◆ **Exercise objective**
An exact reproduction of the lines below, from the first through the one with "Куплю складные деревянные", is the whole answer; pictures have no place in it.

◆ **Data section**
——
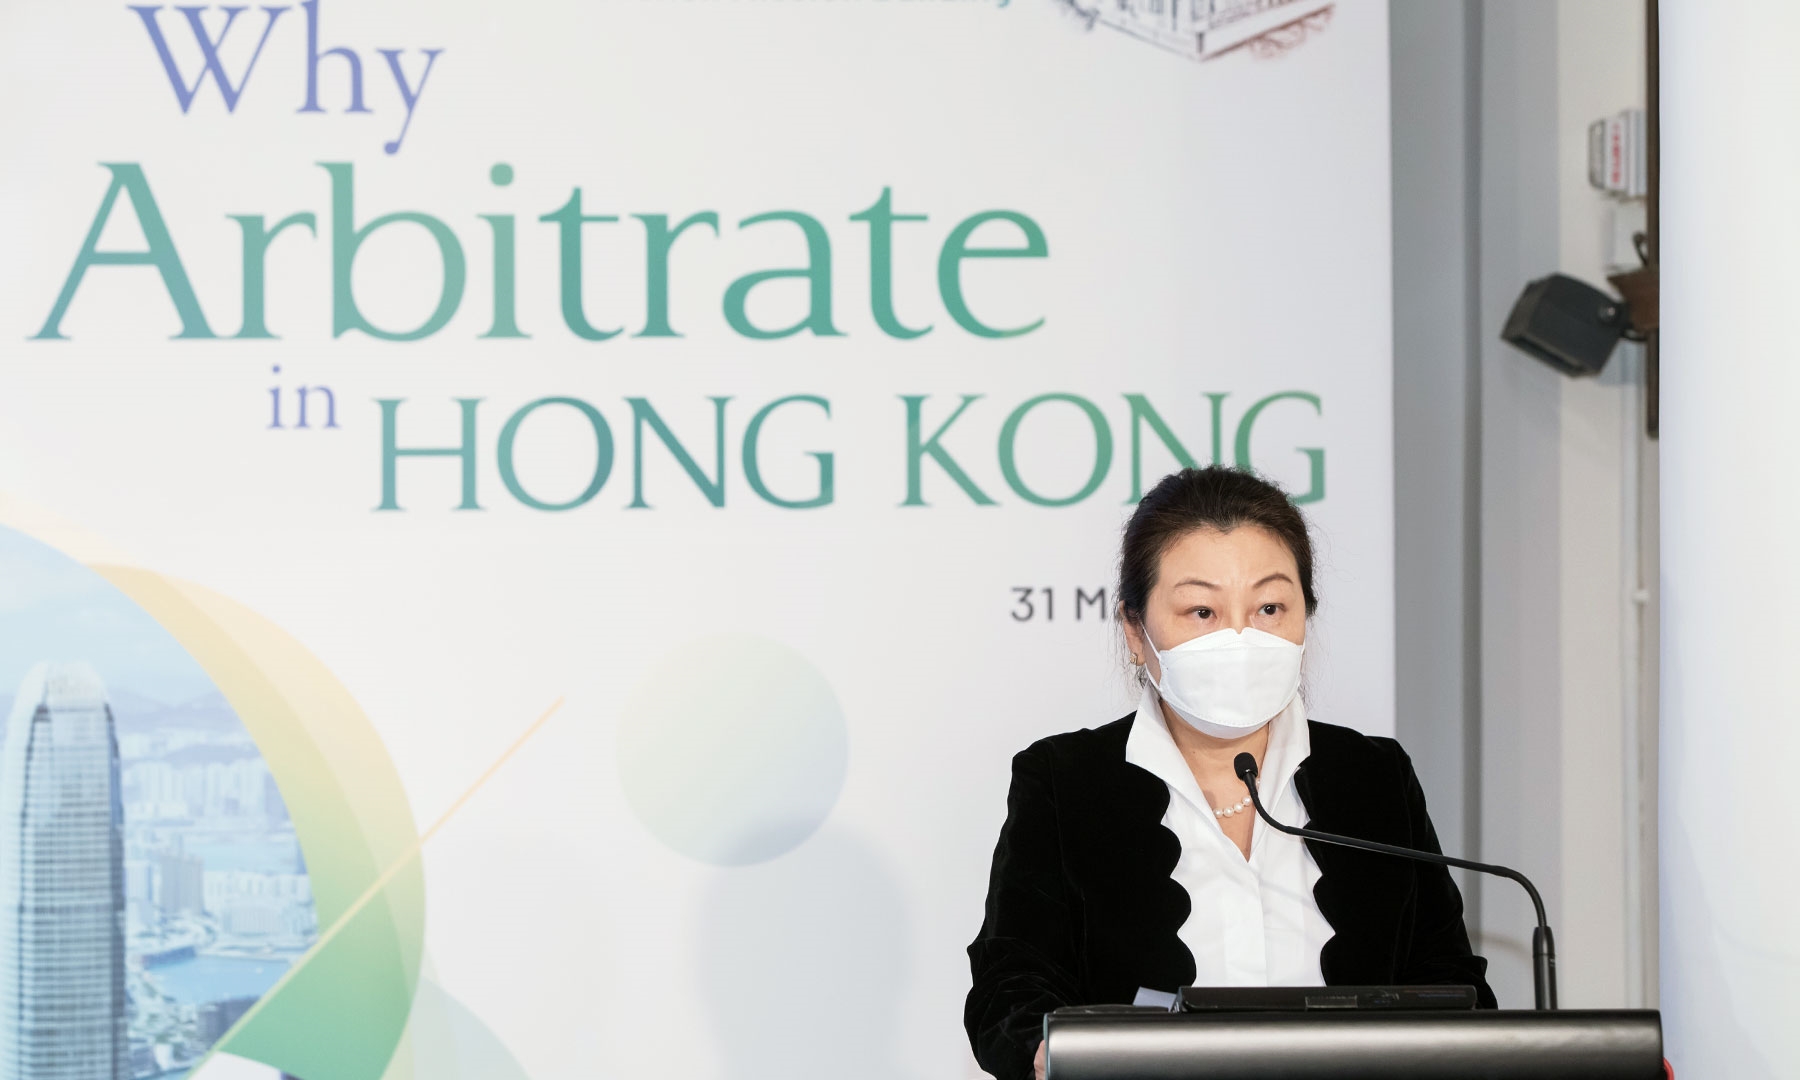 SJ at webinar “Why Hong Kong is Irreplaceable”
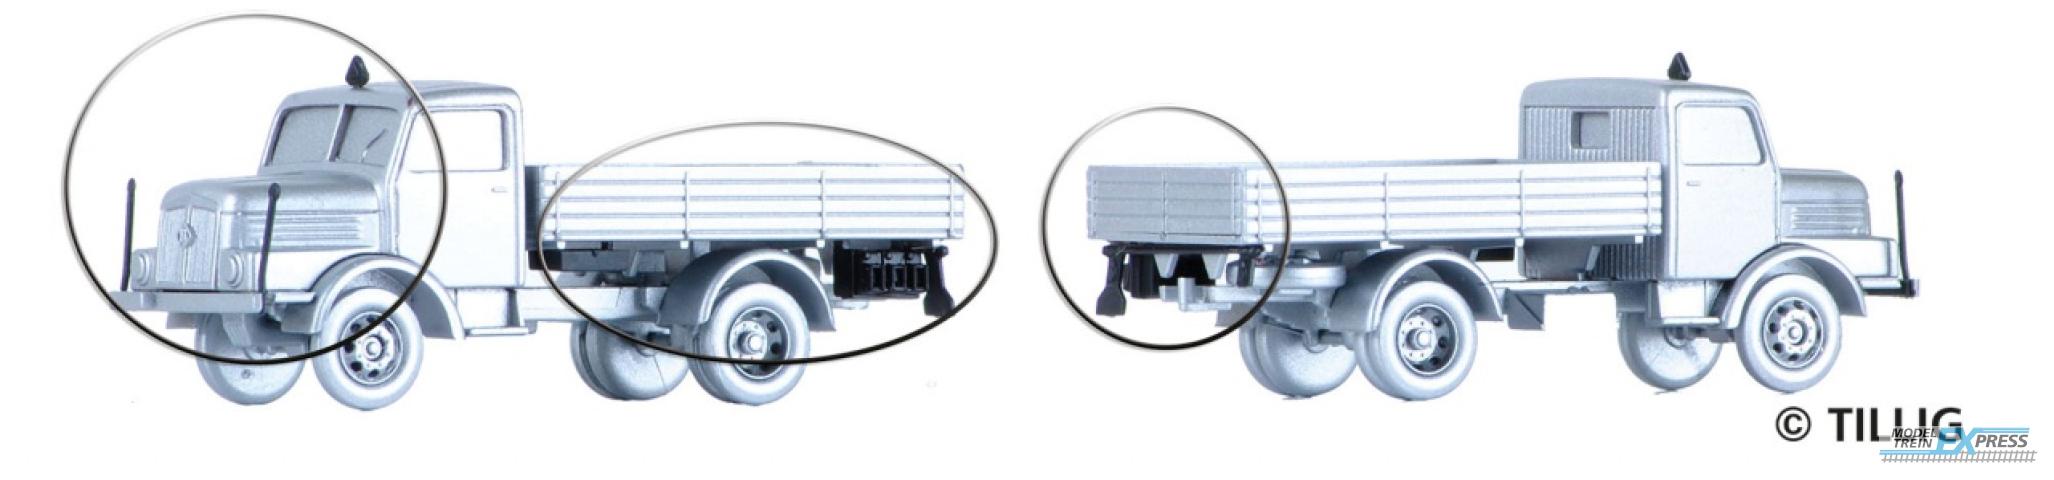 Tillig 7800 Zurüstsatz für LKW H3A für zwei LKW
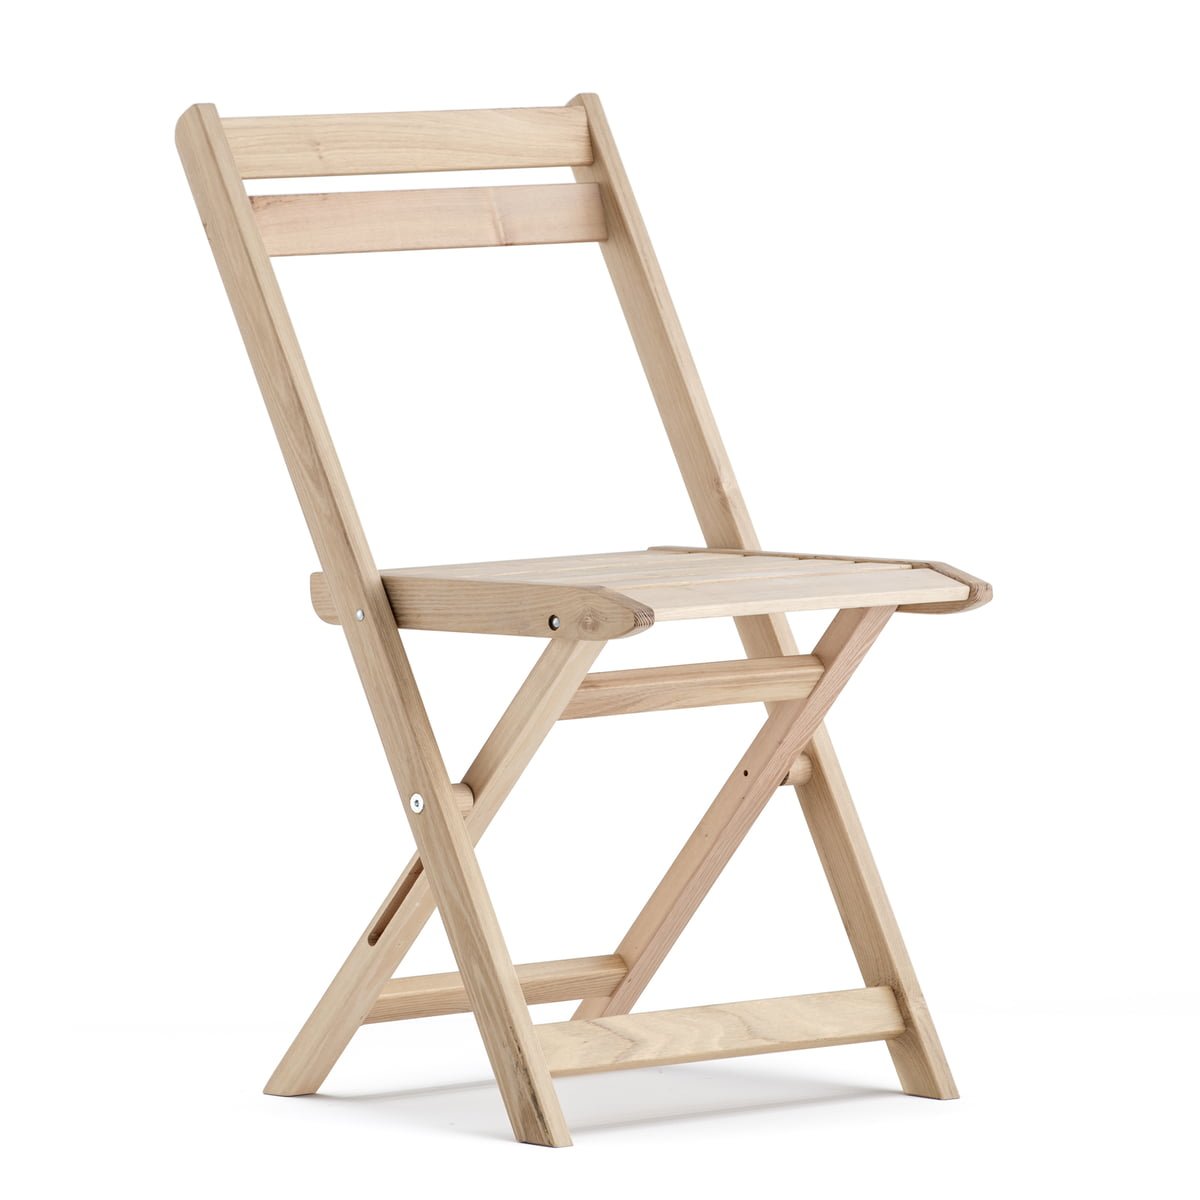 Куплю складные деревянные стулья. Складной стул хофф. Стул икеа складной деревянный со спинкой. Стул складной Hoff дерево. Складные деревянные стулья хофф.
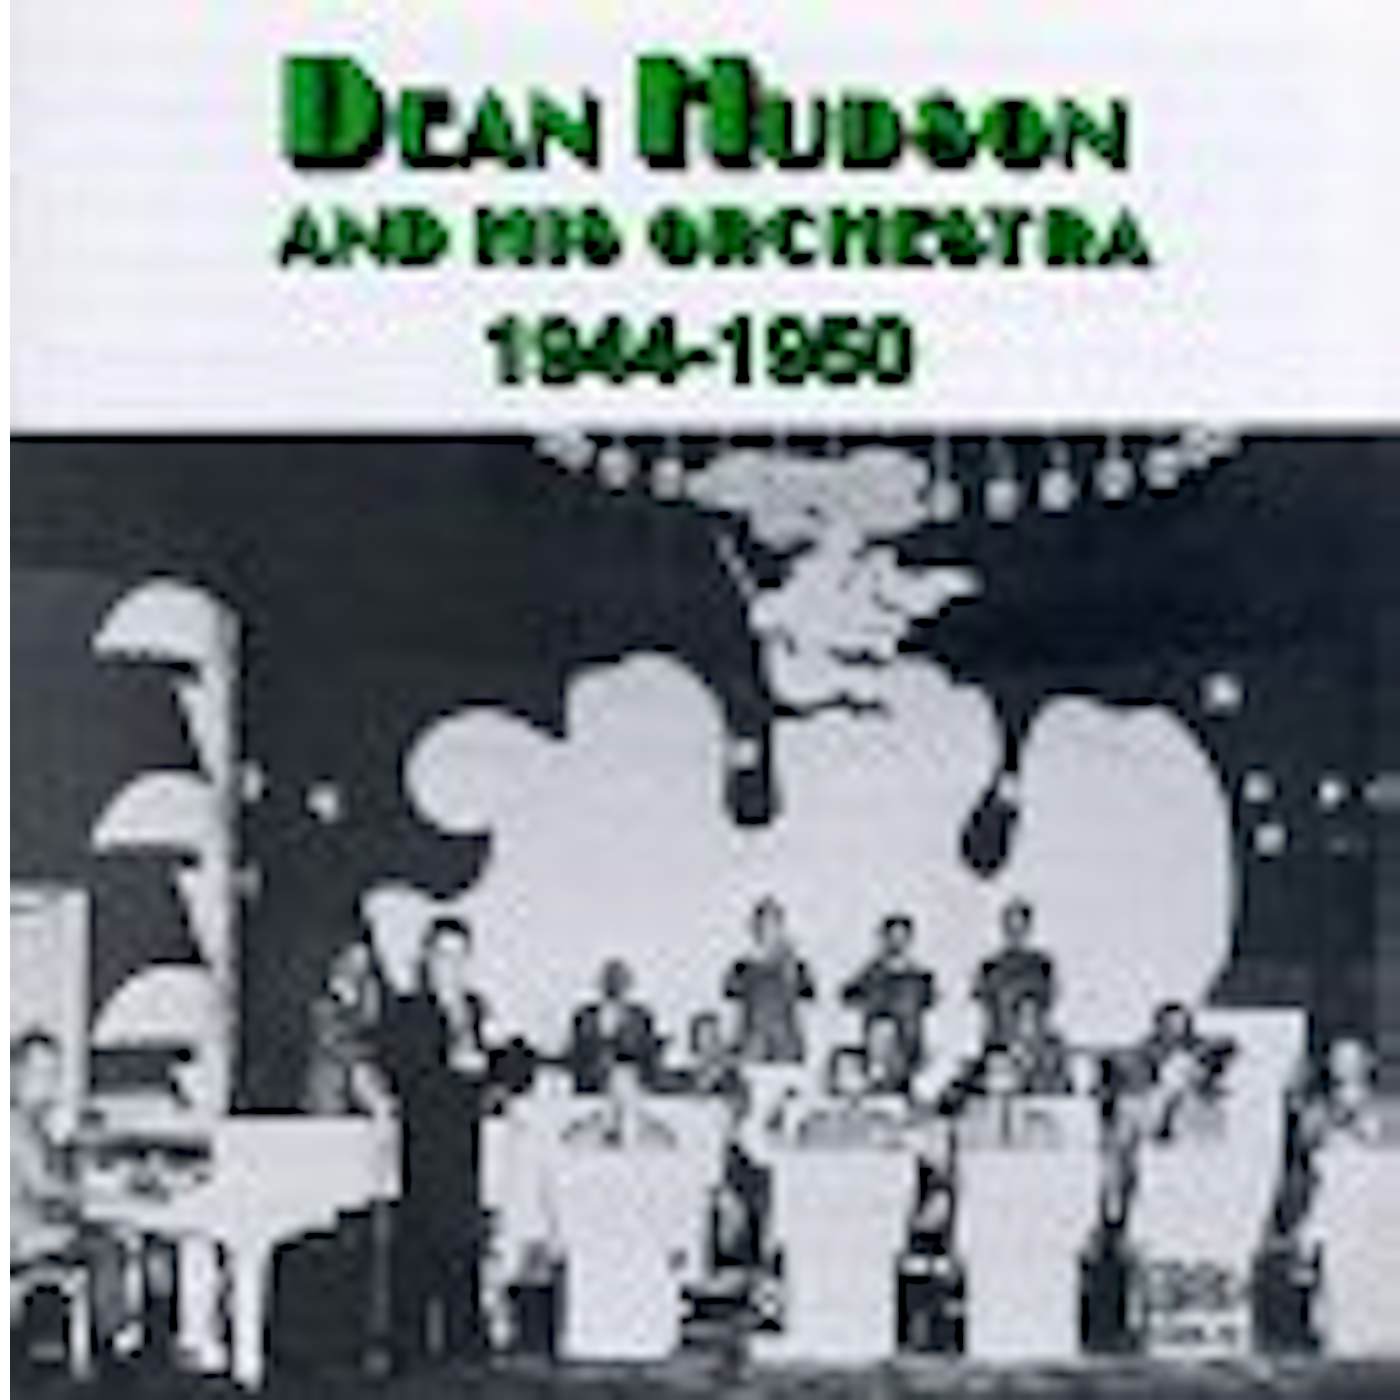 Hudson Dean 1944-1950 CD
——
◆ **Answer box**
 SJ at webinar “Why Hong Kong is Irreplaceable”
 Tillig 7800 Zurüstsatz für LKW H3A für zwei LKW
 Куплю складные деревянные стулья. Складной стул хофф. Стул икеа складной деревянный со спинкой. Стул складной Hoff дерево. Складные деревянные стулья хофф.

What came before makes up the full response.